## Task to complete
A word-for-word copy of the lines below, starting at the line with "Pinkie Pie Says Goodnight: Prepped" and ending at the last one, is what you should give. Omit every picture.

## Data provided
——

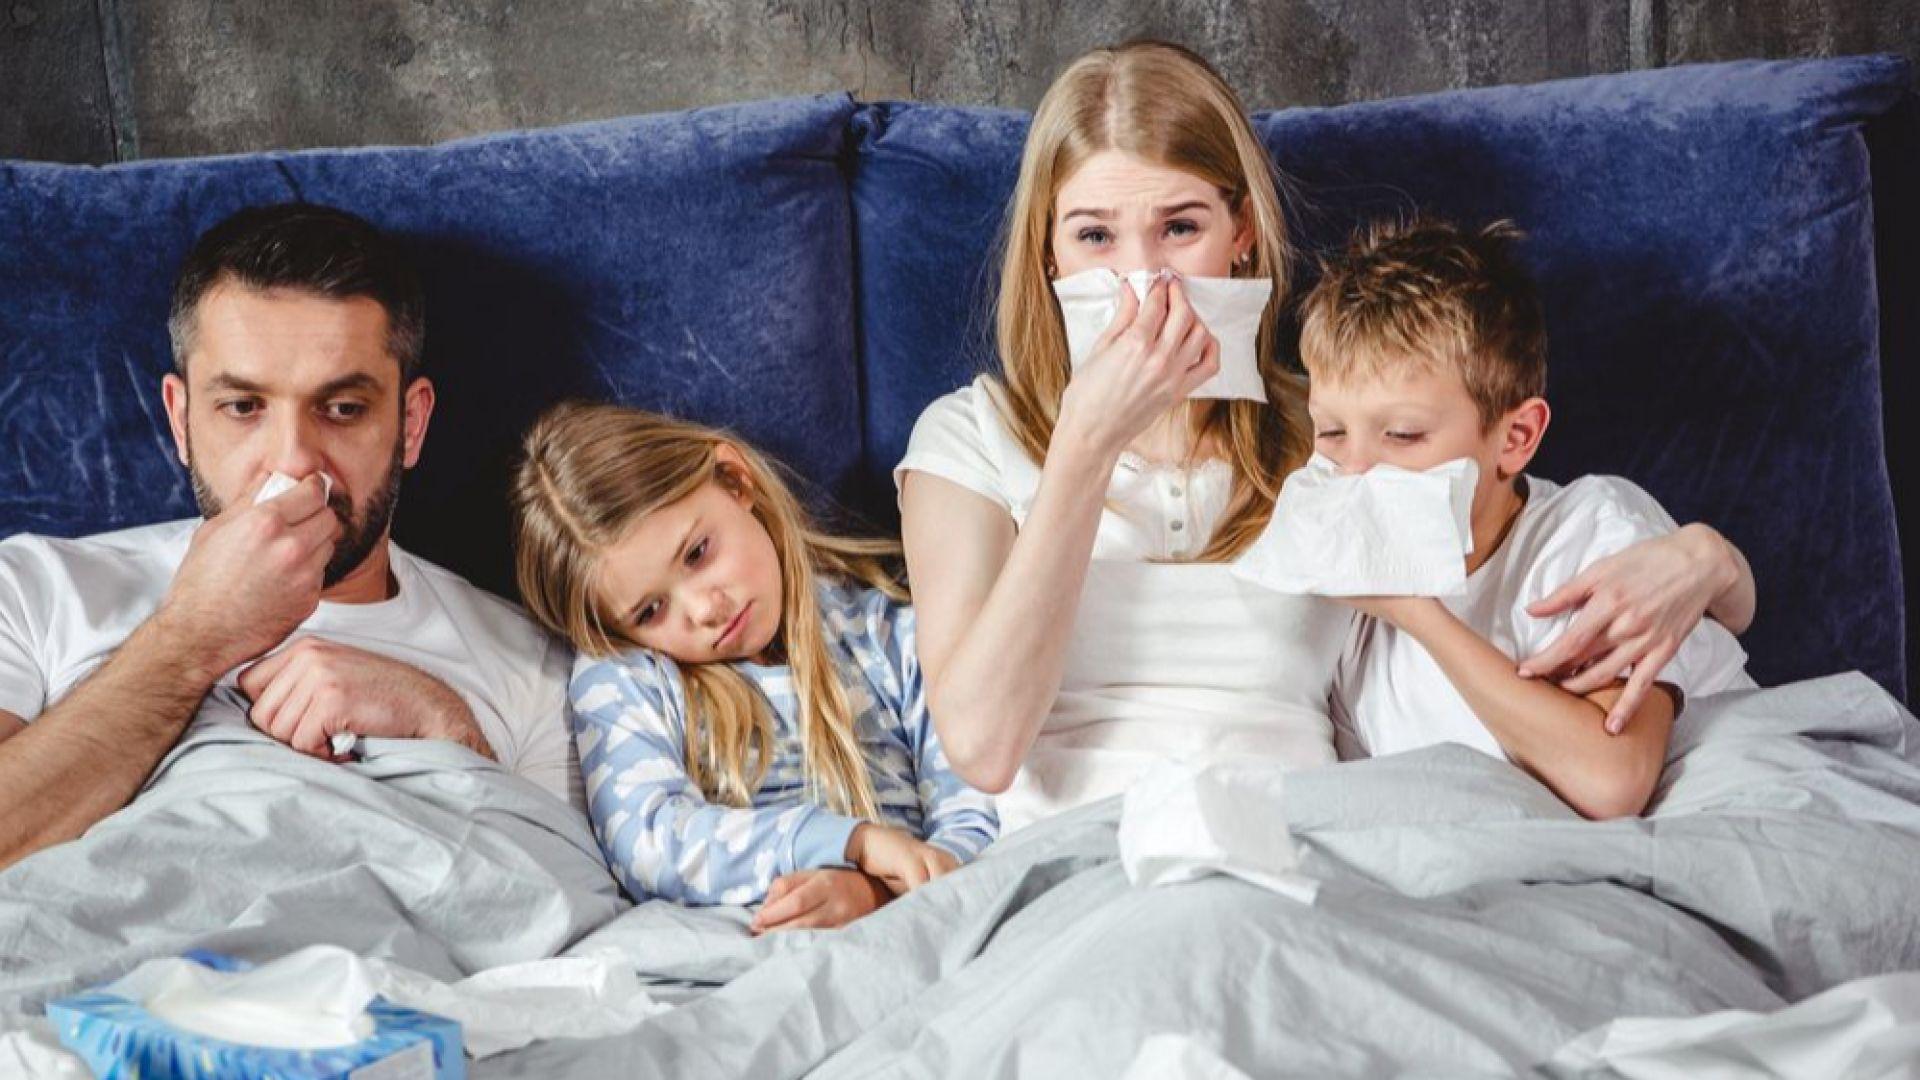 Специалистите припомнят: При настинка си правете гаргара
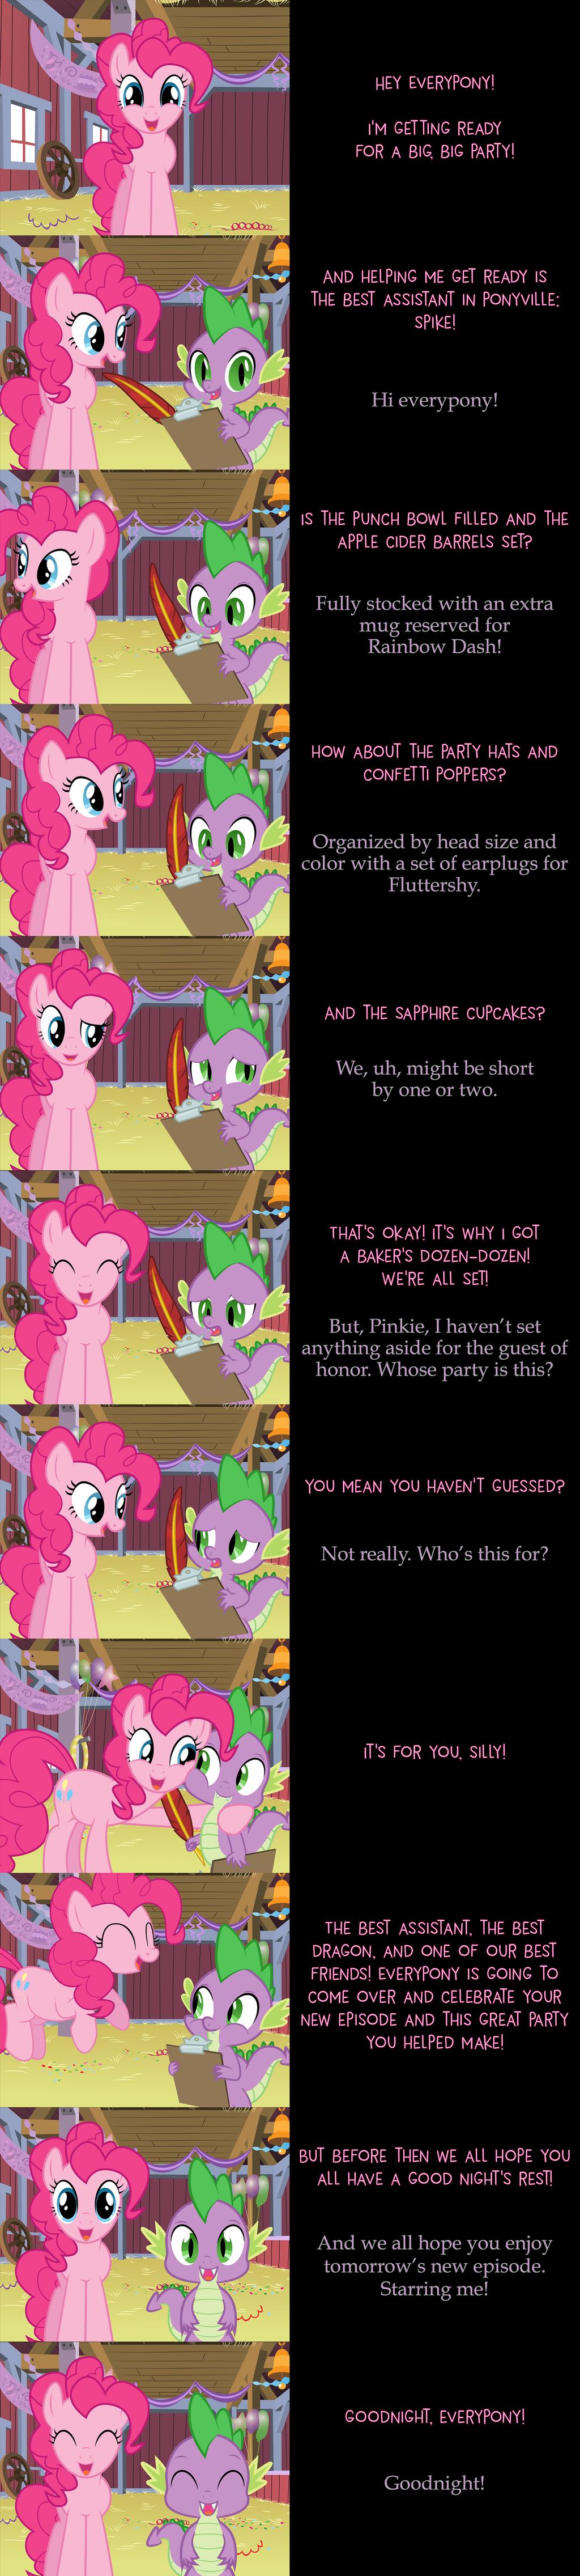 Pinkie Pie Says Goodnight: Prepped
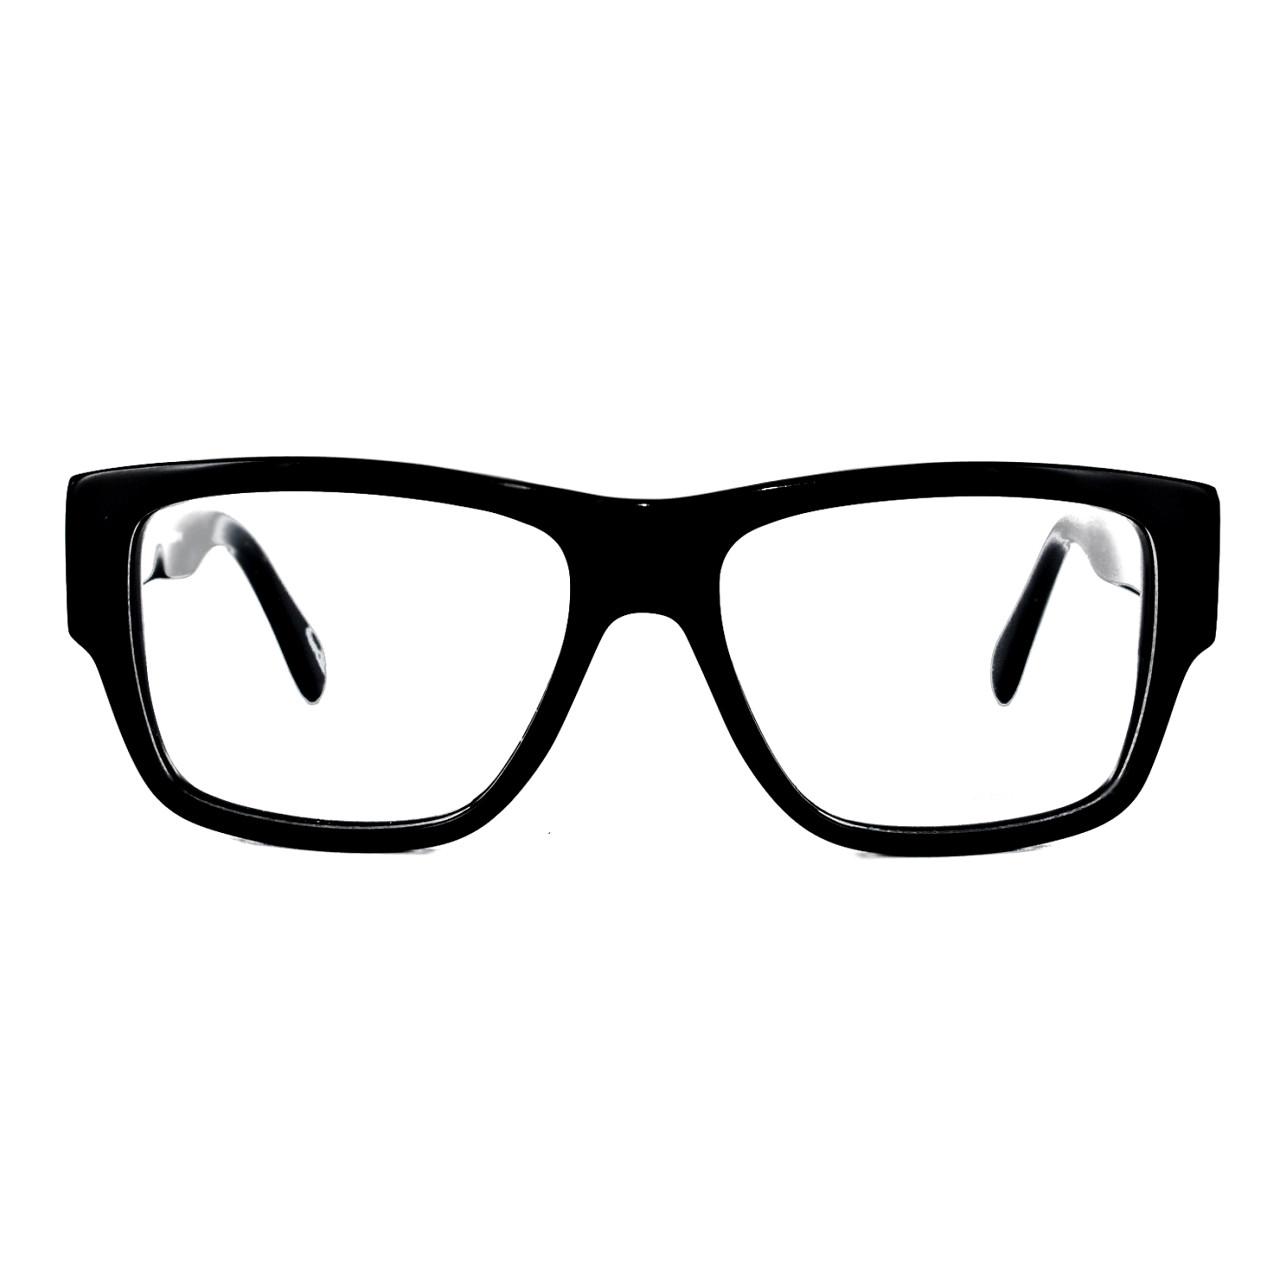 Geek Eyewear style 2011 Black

——

## Answer section
 Pinkie Pie Says Goodnight: Prepped
 Geek Eyewear style 2011 Black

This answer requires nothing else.